Interestingly, the TBXAS1 and SLC2A1 genes were up-regulated in the RT4 cells. Several authors have shown that the TBXAS1 up-regulation seems to be associated with advanced stages, high tumor grades and poor prognosis for patients with bladder cancer [44]. Additionally, high expression of SLC2A1 in tumors has been associated with poor prognosis [45]. Based on our data, we believe that the use of these genes as potential tumor markers should be viewed carefully because high expression of these genes was also observed in the superficial tumor cell line. Conversely, SERPINH1, which regulates collagen production, was down-regulated in the TP53-mutated cells relative to the wild-type TP53 cells. Some authors have found that SERPINH1 is silenced in neuroblastoma cell lines [46]; in our study, this gene seemed be associated with the tumoral grade. The low-grade bladder tumor presented up-regulation of the SERPINH1 expression, which could negatively influence the malignant potential of the RT4 cells.

In addition to the differences observed between the 5637 cells and the RT4 and T24 cells, it is important to note that the balance between cell proliferation and cell death involves several mechanisms and that, sometimes, the signal for cell survival surpasses signals for apoptosis. We observed different gene expression profiling in the three cell lines. Different genes associated with the inhibition of apoptosis and stimulation of cell proliferation were observed to be down- or up-regulated in the three lines, indicating that different mechanisms are involved in the development and progression of bladder cancer. Moreover, the divergence between the gene expression profiles of the 5637 and T24 cell lines, both of which have TP53 mutations, may reflect the complex biology of TP53 in the regulation of apoptosis and cell proliferation. Because the TP53 network is closely linked to many other cellular pathways, it is possible that defects in some of these pathways, either inherited or acquired somatically, could qualitatively or quantitatively interfere with the p53 function. Furthermore, p53 is only one component of the giant surveillance network whose efficiency is modulated by many other elements, including negative (Mdm2, Mdmx, Pirh2 and COP1) [47] and positive (DERP6) [48] regulators of p53, other members of the p53 family and several other signaling pathways [49].
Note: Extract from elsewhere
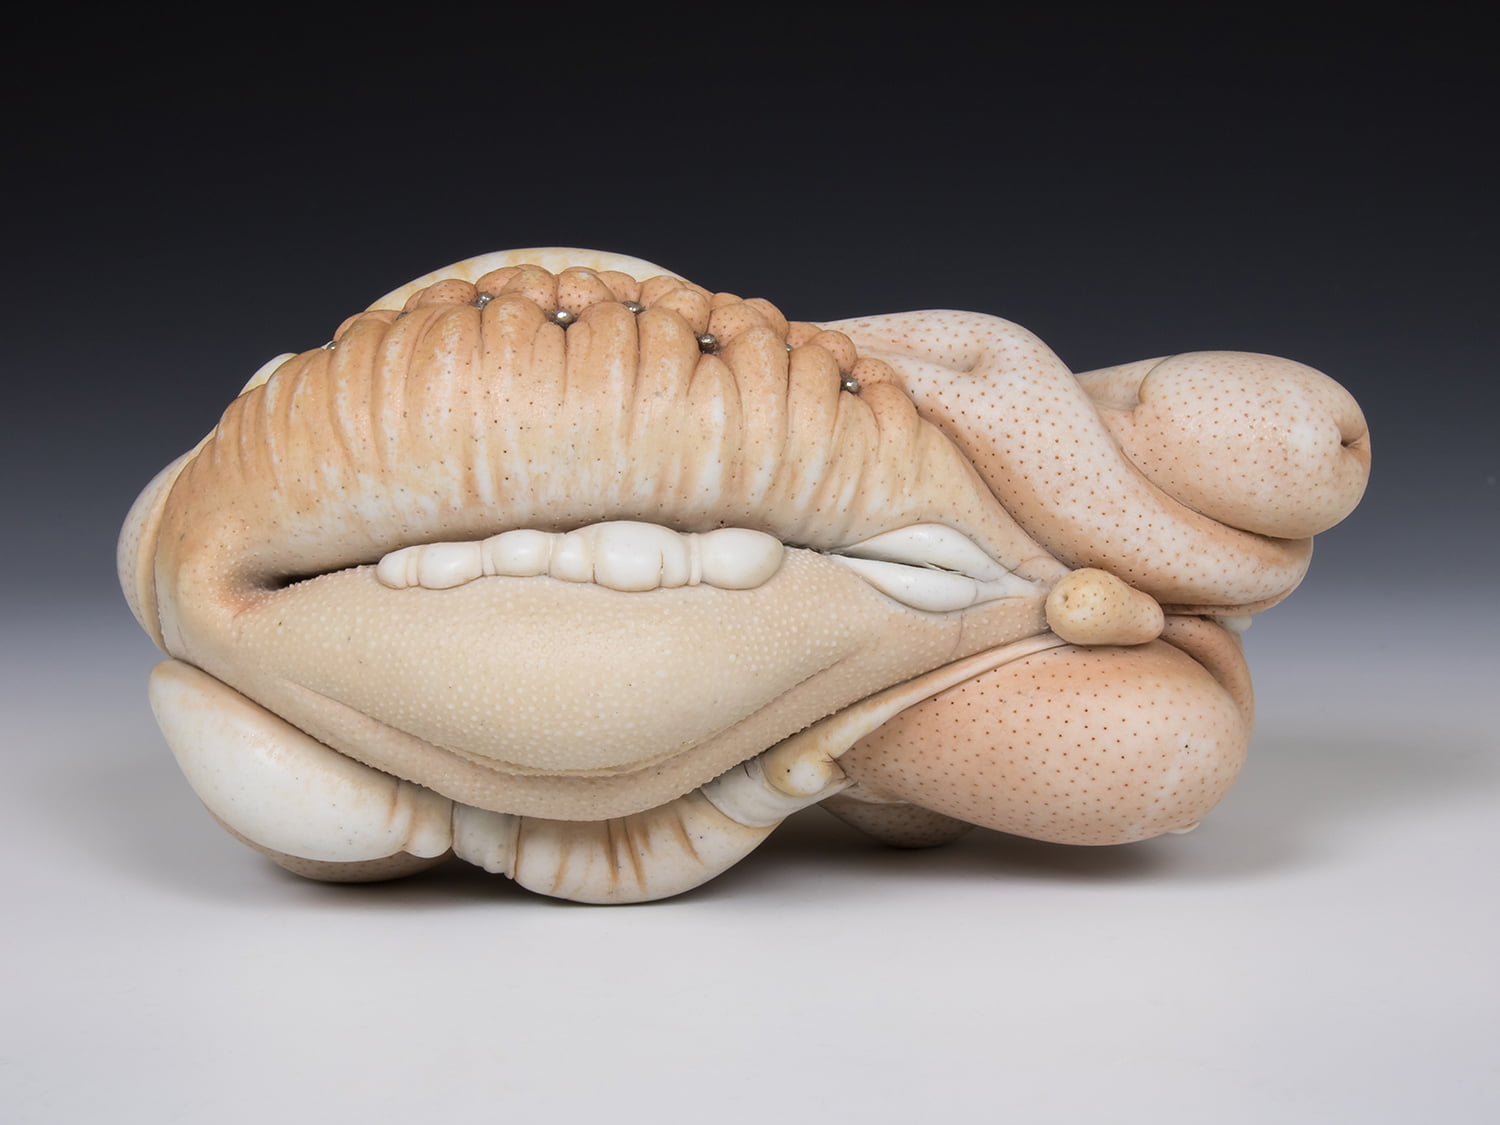 Jason Briggs "Tera" (alternate view 2). porcelain, hair, and mixed media sculpture ceramics.
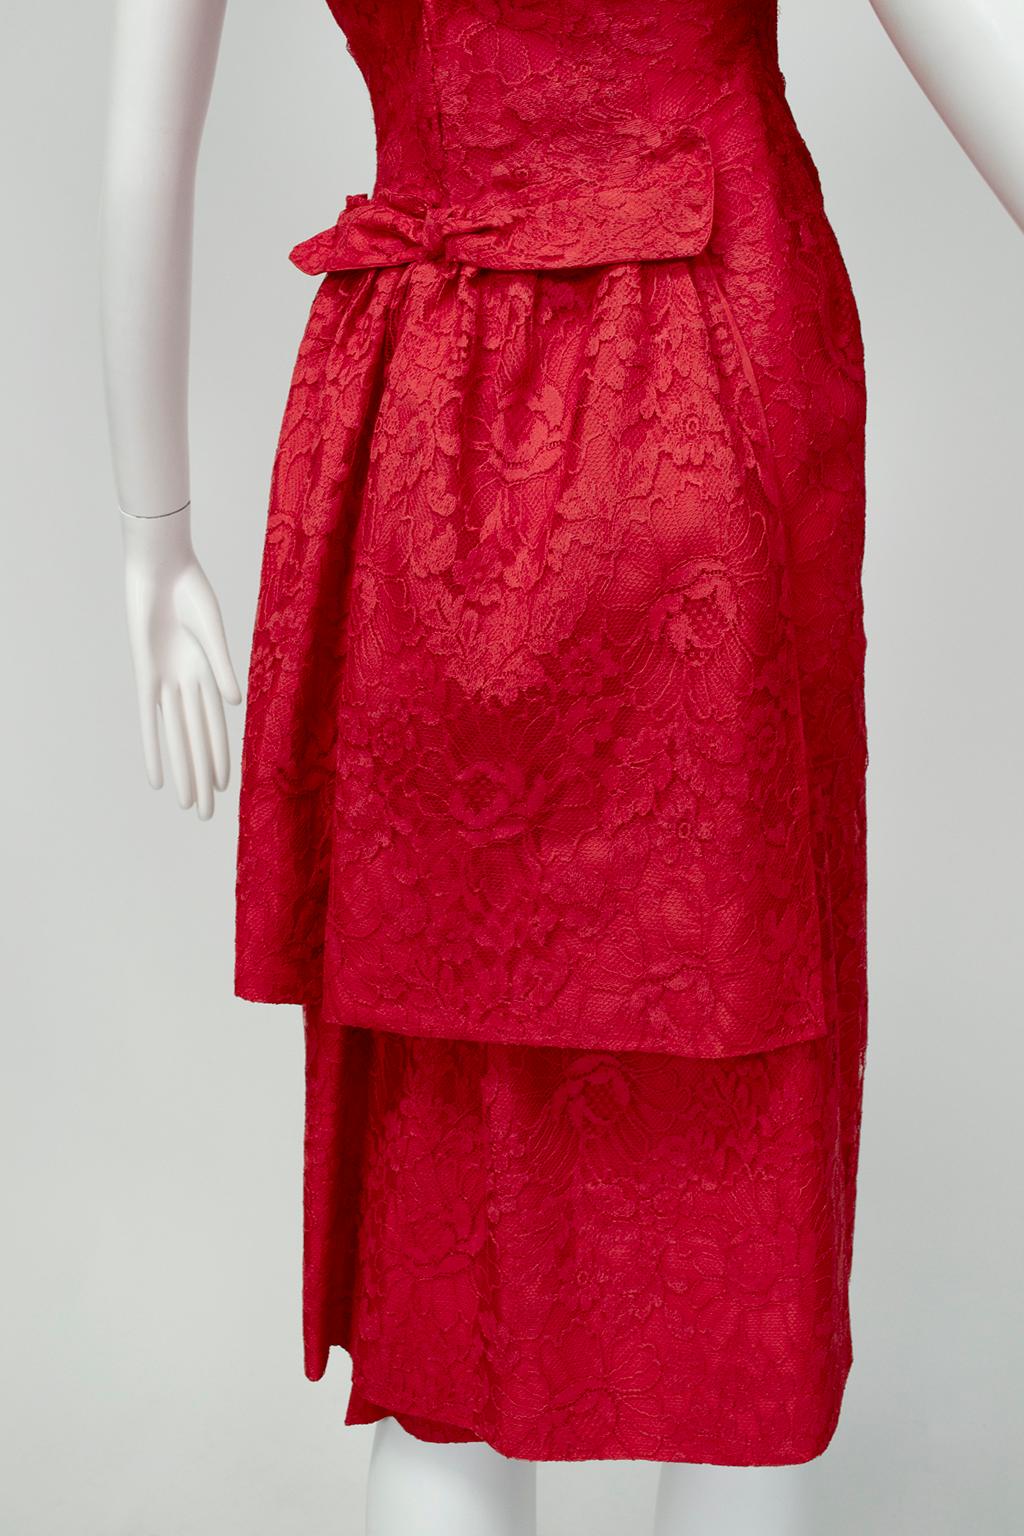 Jacques Cassia Haute Couture Five-Alarm Red Backless Lace Bustle Dress -M, 1960s 2

Our data showed that the expression levels of ANLN and S100P as detected by qRT-PCR were significantly correlated with the mRNA expression levels observed in the cDNA microarray. The S100P gene encodes a calcium-binding protein expressed in different tumors that is functionally implicated in the malignant phenotype [50]. On the other hand, ANLN encodes the human homologue of anillin and plays an important role in cytokinesis [51]. We observed that the expression levels of S100P and ANLN were not associated with the tumor grade: S100P was significantly up-regulated in RT4 (low-grade superficial bladder tumor) compared to the 5637 and T24 cells, while ANLN was over-expressed in the cells from the grade 1 (RT4) and grade 3 (T24) tumors. Although the up-regulations of these two genes are important biomarkers for some tumors, our data showed lower expression of S100P in higher grade cells and ANLN in the RT4 and T24 cells. Therefore, S100P and ANLN expression levels should be carefully considered when planning therapeutic strategies for bladder cancer.

Conclusions

In conclusion, the molecular profiling using cDNA microarrays did not cluster the bladder cancer cell lines based on their TP53 gene status. Our comprehensive expression profiling data can provide new insights into the molecular biology of bladder cancer. The identification of novel genetic susceptibility markers will help to understand the biology of urothelial carcinogenesis and may be integrated with clinical data and epidemiological and genetic risk factors for identifying individuals at high risk for developing bladder cancer.